**Problem statement:** Wherever the word "sushi" shows up in the data, report the line it sits in.

**Stored entries:**
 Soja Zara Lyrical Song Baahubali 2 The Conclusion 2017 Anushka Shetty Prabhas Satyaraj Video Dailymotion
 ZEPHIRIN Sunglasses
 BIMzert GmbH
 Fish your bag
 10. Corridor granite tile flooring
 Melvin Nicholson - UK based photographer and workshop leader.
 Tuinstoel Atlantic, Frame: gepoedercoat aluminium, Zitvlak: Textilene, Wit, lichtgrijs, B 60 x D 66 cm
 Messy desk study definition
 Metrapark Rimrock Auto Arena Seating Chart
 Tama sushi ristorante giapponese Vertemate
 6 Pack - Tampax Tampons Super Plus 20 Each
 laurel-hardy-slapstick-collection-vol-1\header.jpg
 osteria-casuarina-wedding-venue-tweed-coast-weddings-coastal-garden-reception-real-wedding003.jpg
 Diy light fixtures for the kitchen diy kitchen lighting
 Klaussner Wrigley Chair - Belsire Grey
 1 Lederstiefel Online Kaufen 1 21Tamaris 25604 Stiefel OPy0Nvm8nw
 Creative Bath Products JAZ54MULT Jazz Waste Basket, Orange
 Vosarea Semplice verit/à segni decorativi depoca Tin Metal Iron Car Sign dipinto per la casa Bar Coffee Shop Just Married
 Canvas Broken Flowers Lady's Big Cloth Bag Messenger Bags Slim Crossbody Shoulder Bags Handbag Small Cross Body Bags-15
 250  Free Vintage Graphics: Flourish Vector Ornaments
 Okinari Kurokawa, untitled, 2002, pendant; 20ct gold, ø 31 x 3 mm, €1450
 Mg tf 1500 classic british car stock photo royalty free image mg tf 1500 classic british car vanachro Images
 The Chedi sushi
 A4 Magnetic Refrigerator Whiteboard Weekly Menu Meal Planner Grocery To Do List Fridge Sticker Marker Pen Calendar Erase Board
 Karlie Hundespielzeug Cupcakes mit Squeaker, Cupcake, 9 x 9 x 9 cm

**Response to this exercise:**
 Tama sushi ristorante giapponese Vertemate
 The Chedi sushi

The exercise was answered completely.